Lampre
- Company type: Private
- Industry: Steel industry
- Founded: 1975; 51 years ago
- Founder: Romeo Mario Galbusera
- Headquarters: Usmate Velate, Italy
- Products: Pre-coated sheet metal
- Website: www.lampre.com

= Lampre =

Italian-based steel production company

Lampre is an Italian company based in Lombardy, founded in 1975, specializing in pre-coated steel production. The company's name is a contraction of Lamiere prerivestite (pre-coated sheet metal), its flagship product.

The Lampre Group operates four production facilities in Italy through its subsidiaries Lampre Srl, Lamital, and Lamifer, primarily located in Lombardy. Outside Italy, it has factories in Portugal, Belgium and Poland, along with service center in Turkey and commercial subsidiaries in the United States and India.

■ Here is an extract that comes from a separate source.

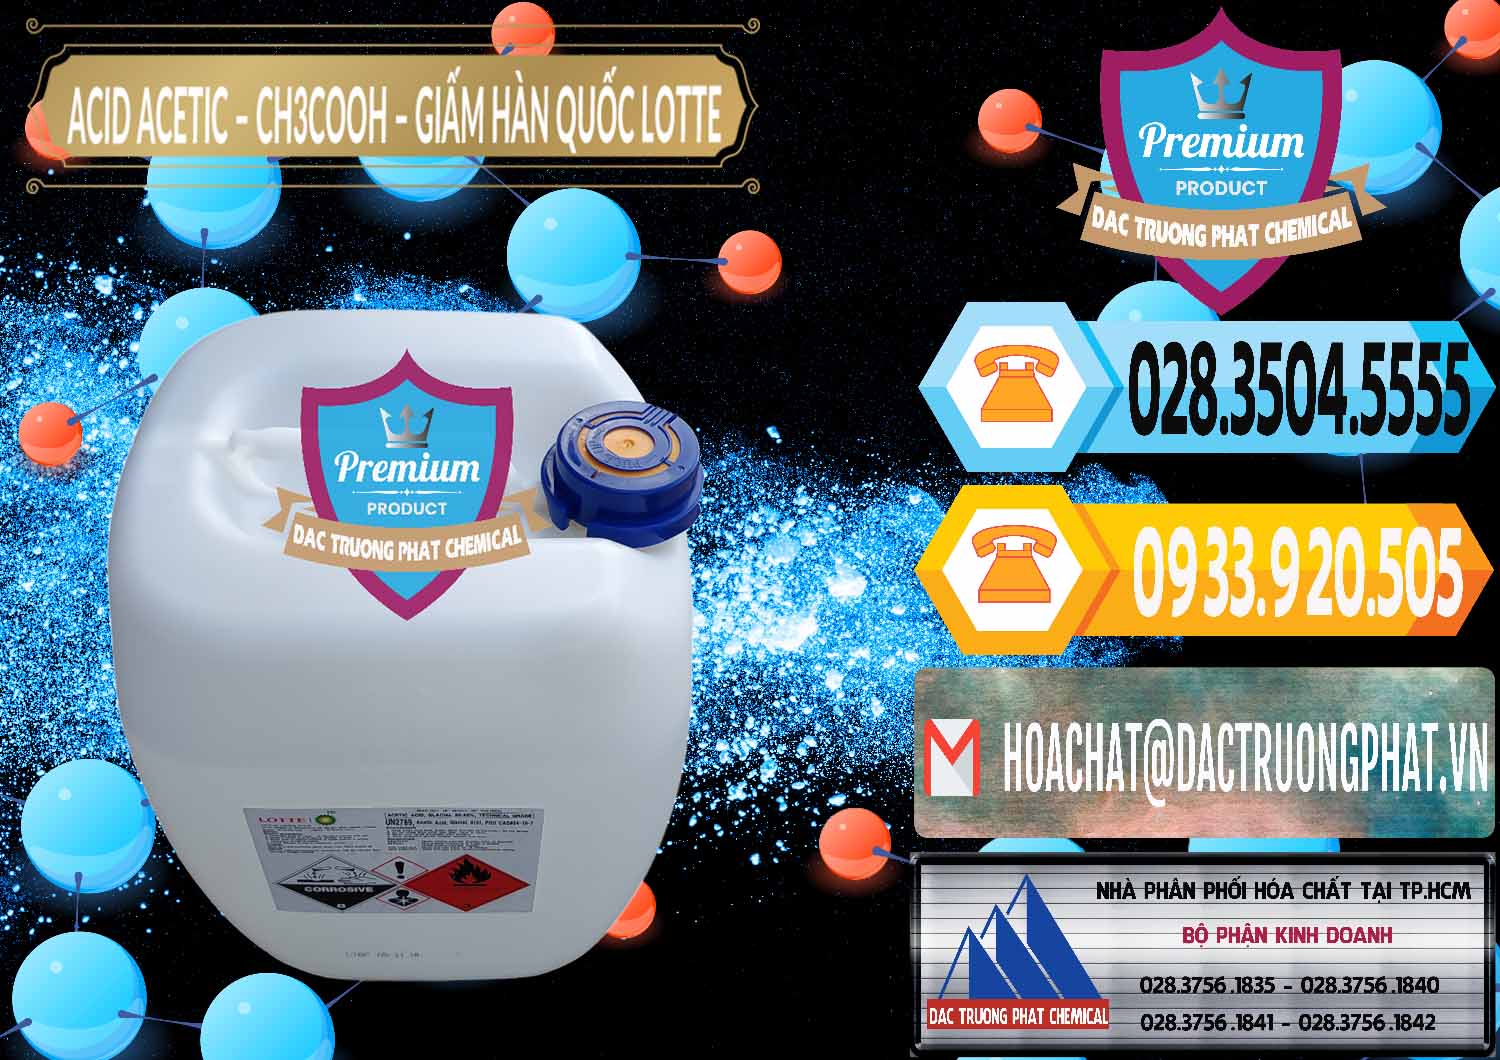 Cty chuyên kinh doanh & bán Acetic Acid – Axit Acetic Hàn Quốc Lotte Korea - 0002 - Cty chuyên bán và cung cấp hóa chất tại TP.HCM - hoachattayrua.net

==Lampre as a sponsor of cycling==
Lampre was the former leading sponsor of a professional Italian cycling team with the same name. Lampre appeared on the cycling jersey of a professional team for the first time in 1991. In 1993, the team won the Milan–San Remo with Maurizio Fondriest, and the overall UCI Road World Cup. In 1999, in partnership with Daikin, Oscar Camenzind wore the World Champion jersey. In 2001, Gilberto Simoni won the Giro d'Italia for Lampre–Daikin. After two seasons in which Lampre was main sponsor of the team driven by Giuseppe Saronni, the Galbusera family decided to amalgamate with other sponsors in order to follow the UCI ProTour project: from the union between the Lampre group and the Saeco group was born team Lampre–Caffita, with champions such as Damiano Cunego and Gilberto Simoni. In 2006 a new partnership started: Fondital became the new main partner of Lampre. Fondital heads a European Group that designs and produces aluminium radiators.

===Early 1990s===
Lampre first entered cycling in 1991, co-sponsoring the Colnago–Lampre team. They took over the lead name in 1992, until the end of 1995. In 1996, they stopped sponsoring the team, although it continued to race under the name Ceramica Panaria–Vinavil.

===Lampre–Daikin===
Lampre re-entered cycling in 1999, sponsoring the Italian-based Lampre-Daikin team. Daikin remained a co-sponsor until the end of 2002 at the height of Lance Armstrong's zenith, when Raimondas Rumšas's wife was caught during the Tour de France with performance-enhancing drugs in the front seat of her car.

===Lampre in the UCI ProTour===

At the end of 2004, Lampre merged with to form a new cycling team ready for the UCI ProTour. Lampre merged with Saeco at the end of the 2004 season to create a new team ready for the UCI ProTour.